O Código Penal é regido pela lei nº 2.848 de 1940, o que demonstra nitidamente o atraso das leis penais no Brasil para combater os crimes virtuais. Por esse motivo, surge a necessidade de leis especiais para combater o avanço dos crimes tecnológicos. Bomfati e Kolbe Júnior (2020, p.66) ressaltam que: “Em termos de crimes virtuais, ainda se caminha para uma legislação específica, na qual há vários conceitos a serem entendidos...”.
Atualmente, o Código Penal (CP) não possui nenhum artigo que classifique o indivíduo que comete uma infração utilizando um computador. Normalmente, esses criminosos são punidos com base em outros artigos, como estelionato (art. 171 do CP), extorsão (art. 158 do CP), furto (art. 155 do CP), crime de ameaça (art. 147 do CP), entre outros.

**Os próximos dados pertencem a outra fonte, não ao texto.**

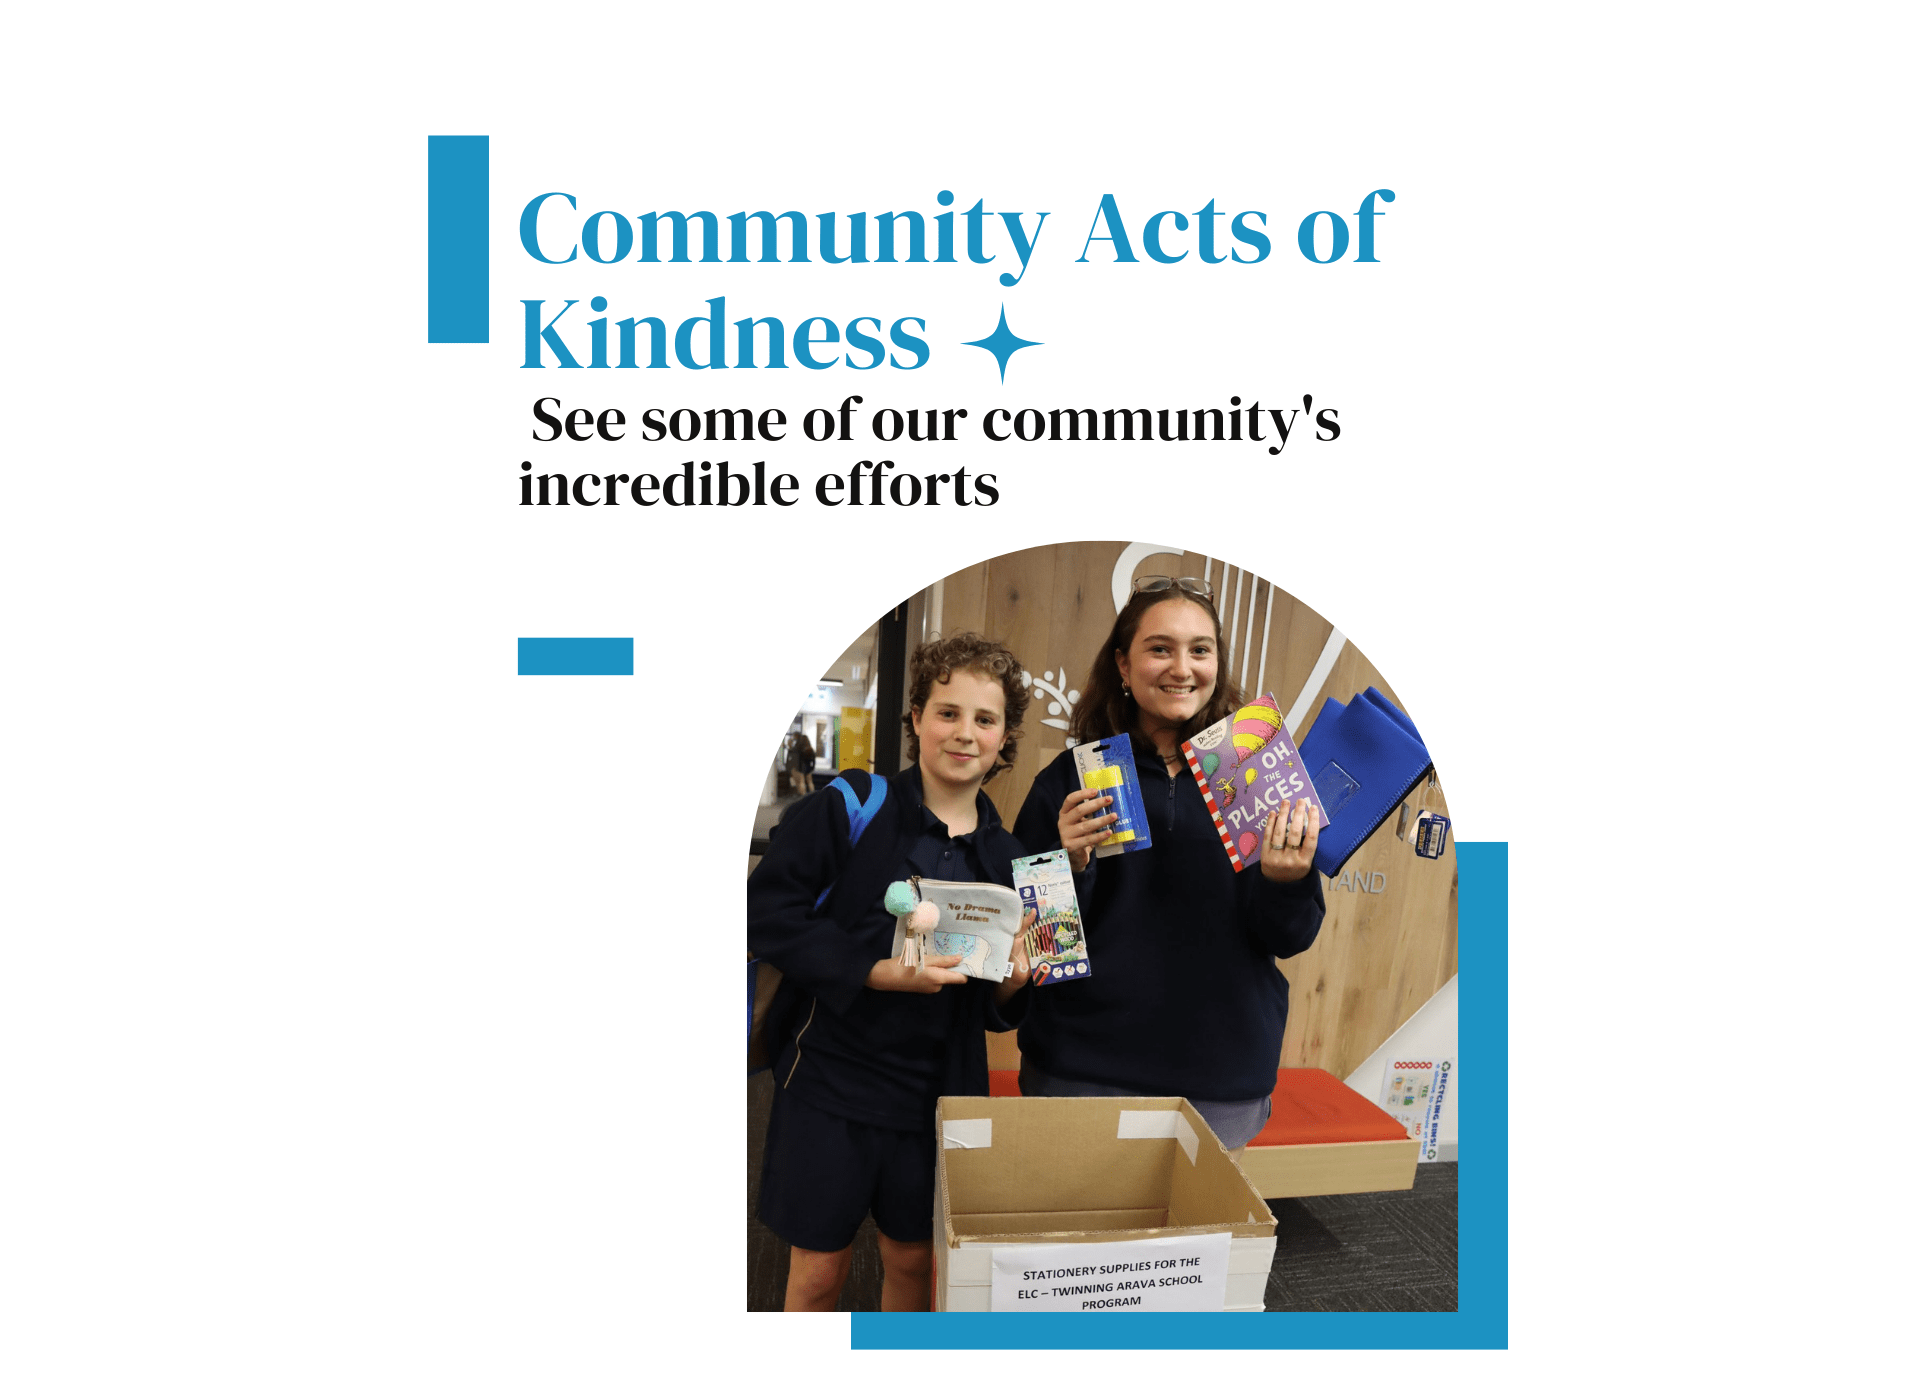 Community Acts of Kindness

Contudo, o ordenamento jurídico brasileiro conta com duas leis principais que regulam os crimes virtuais. A mais antiga é a lei ordinária 12.735/2012, e a outra é a lei 12.737/2012, popularmente chamada de “Lei Carolina Dieckman”, que foi elaborada após o vazamento de fotos pessoais da atriz em seu computador particular.
No que se refere a lei nº 12.737/2012 (Lei dos Crimes Cibernéticos), ou, também conhecida como a Lei “Caroline Dickmann”, ela promoveu mudanças significativas no Decreto-Lei 2.848/40 (Código Penal). Essa legislação formalizou e tipificou comportamentos delituosos relacionados ao ambiente digital, criando assim os chamados “crimes cibernéticos”.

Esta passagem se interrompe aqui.